In 1996, 86 percent of Berkeley residents supported Proposition 215, the Compassionate Use Act that set the stage for medical cannabis clubs. Regulating medical cannabis, however, was reserved for cities. In 2001, the City Council voted 5-4 to limit patients to 10 plants. A counterproposal that garnered four votes would have allowed patients to grow 144 plants.
The 10 plant limit is fairly average in California, with only Santa Cruz, Oakland, and San Diego allowing significantly more plants than Berkeley. A state law passed last year (SB420) set a floor of six plants for all cities that do not set their own medical marijuana plant limit.
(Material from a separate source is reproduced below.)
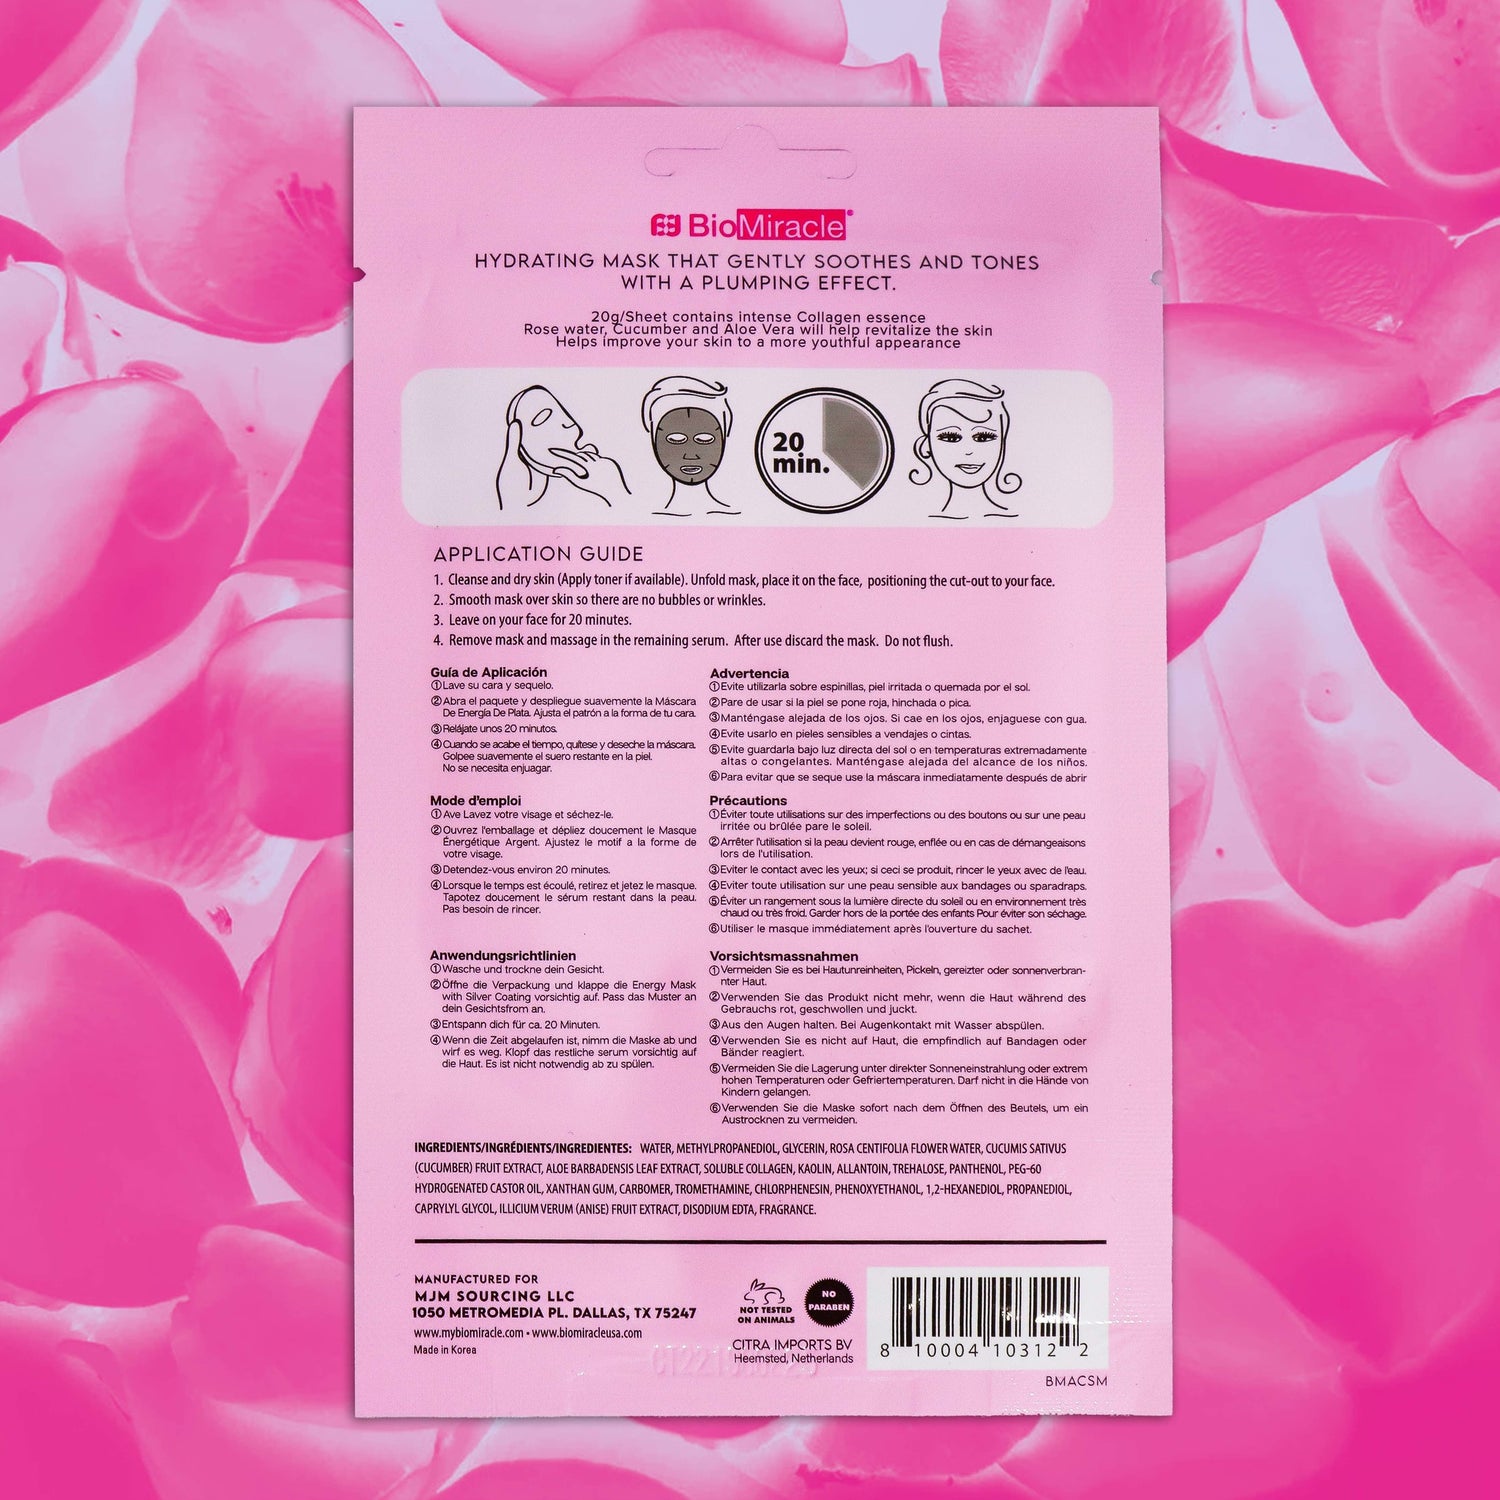 Moisturizing Collagen Sheet Mask Infused with Pink Clay, Rose Water, Cucumber and Aloe Vera 10 Pack

Ten plants is enough for a single medical marijuana user if they are grown outdoors, Duncan said. Berkeley law, however, states outdoor plants, which can grow as high as trees, must be out of view. Duncan explained that in a dense city like Berkeley, this means that nearly all plants are raised indoors.
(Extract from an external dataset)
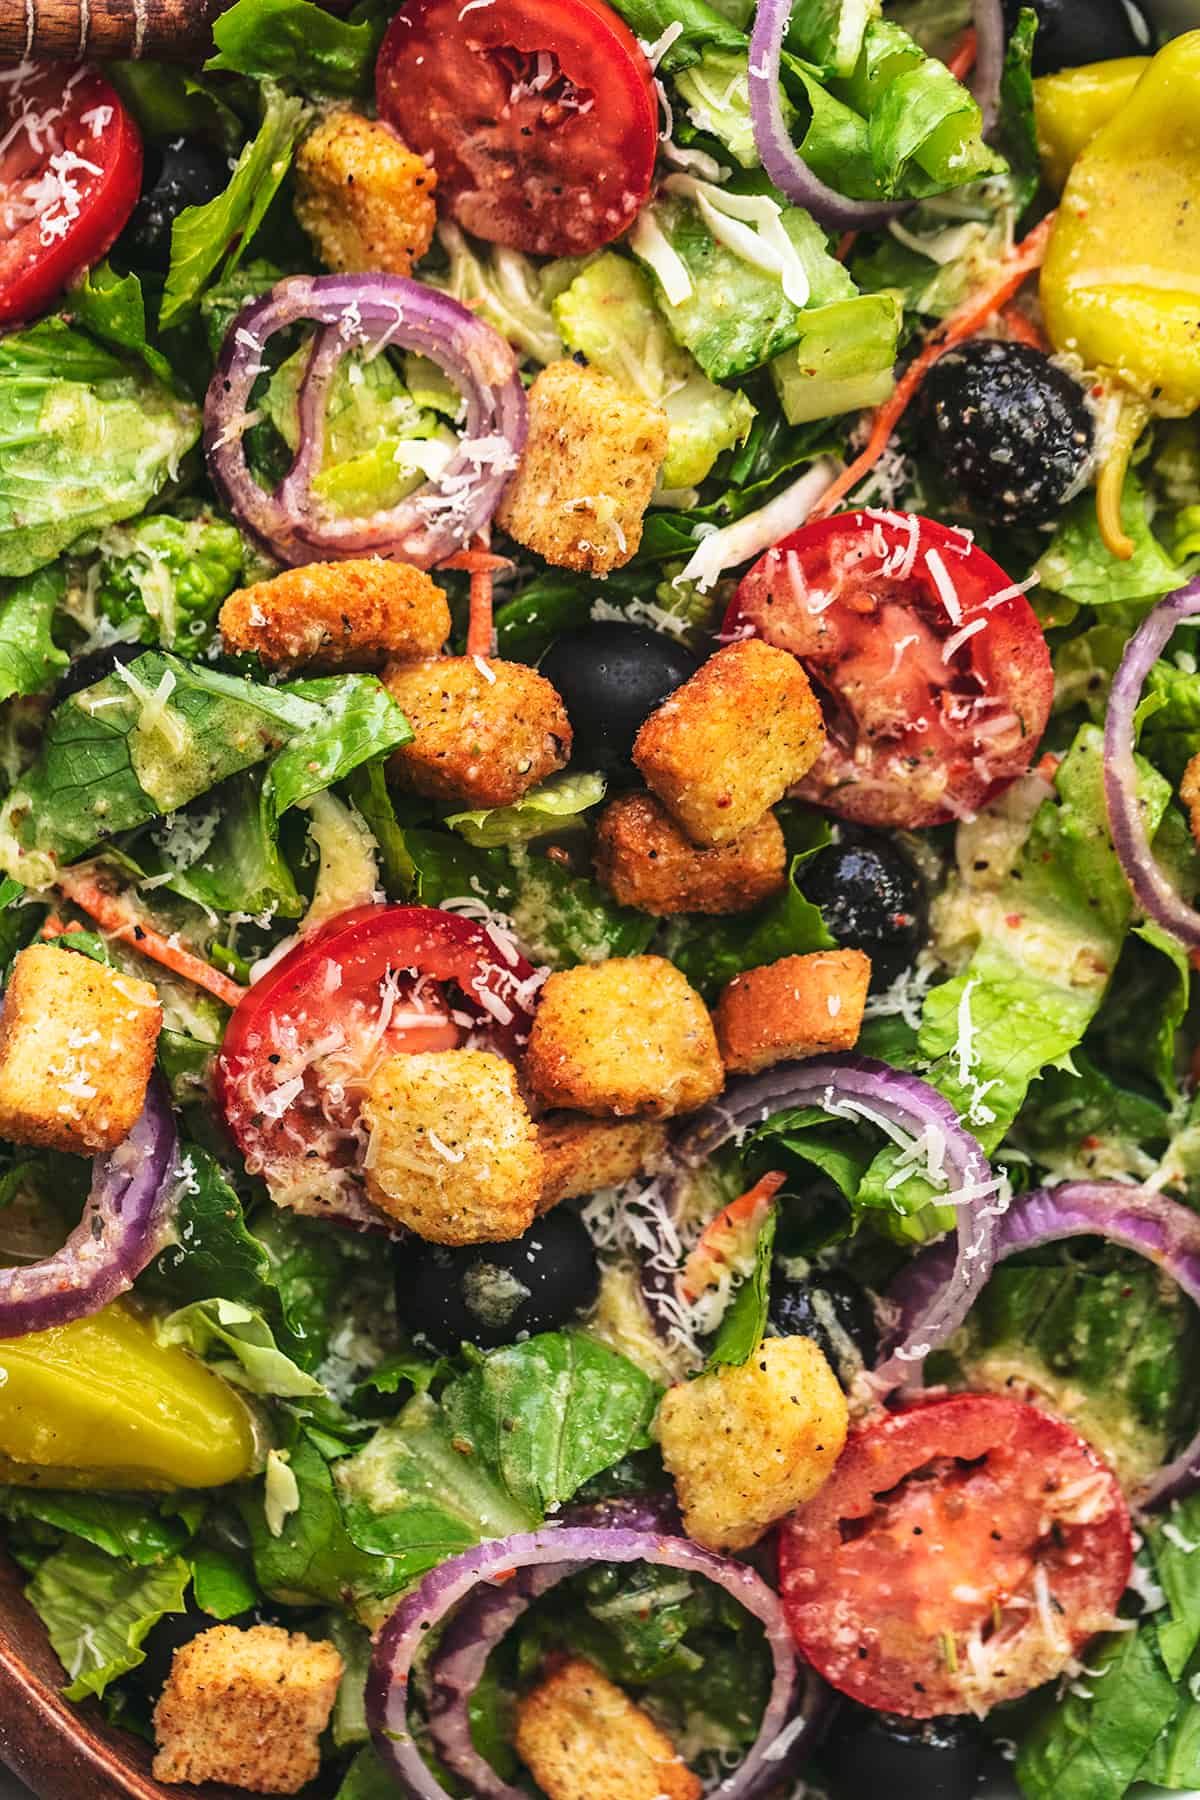 up close view of salad with croutons, tomatoes, onions, and olives

Berkeley police don’t actively enforce the 10 plant law, but that isn’t the point, said Duncan, adding that “patients don’t want to live in fear that they are breaking the law.” Claiming that he was confident Worthington’s bill would be supported by Mayor Tom Bates and councilmembers Linda Maio and Dona Spring, Duncan urged supporters to lobby Margaret Breland and Maudelle Shirek to cast the remaining necessary votes. In 2001, Breland sided with Worthington, Spring and Maio in supporting a 144 plant limit.
Other potential November ballot initiatives also came up at Tuesday’s council meeting. The council postponed a city manager’s report on two initiatives—one that would establish a civic board to govern the removal of trees in public spaces and the other, the Angel Initiative, that would decriminalize prostitution in Berkeley and call on the state to do the same.
Elliot Cohen, author of the Berkeley Tree Act, argued that in the midst of a budget crisis, the city shouldn’t waste staff time studying the ramifications of his measure until he collected enough signatures to qualify it for the November ballot.
Robin Few, author of the Angel Initiative, feared that a negative report from the city manager could harm her efforts to collect signatures.
Despite objections from the Transportation Commission, the council voted 8-1 (Worthington, no) to approve a new flat-rate $1.50 fee for two hours of parking between 7 a.m. and 11 a.m. weekdays and 7 a.m. and 2 p.m. on Saturdays. Transportation Director Peter Hillier said transportation commissioners were concerned that the move would encourage more drivers to come into the downtown area, but would do little for pedestrians, cyclists and mass transit riders.
Last month, the council had requested the commission issue a recommendation before taking a final vote on the proposal. Hillier will prepare a report on its effectiveness after three months.
The council held off on approving the allocation of $3.88 million in 2004-2005 Federal Community Development Block Grant funds while the staff looks for more money for the Center for the Education of Infant Deaf. The Housing Advisory Commission granted the group $10,000, but Director Jill Ellis said that a $50,000 grant would enable it to utilize a separate federal grant to open an audiology suite. The suite would allow babies complete, timely diagnostic screening. Currently, Ellis said, babies with hearing problems must wait four to six months for tests and hearing aids which drastically hinder their development.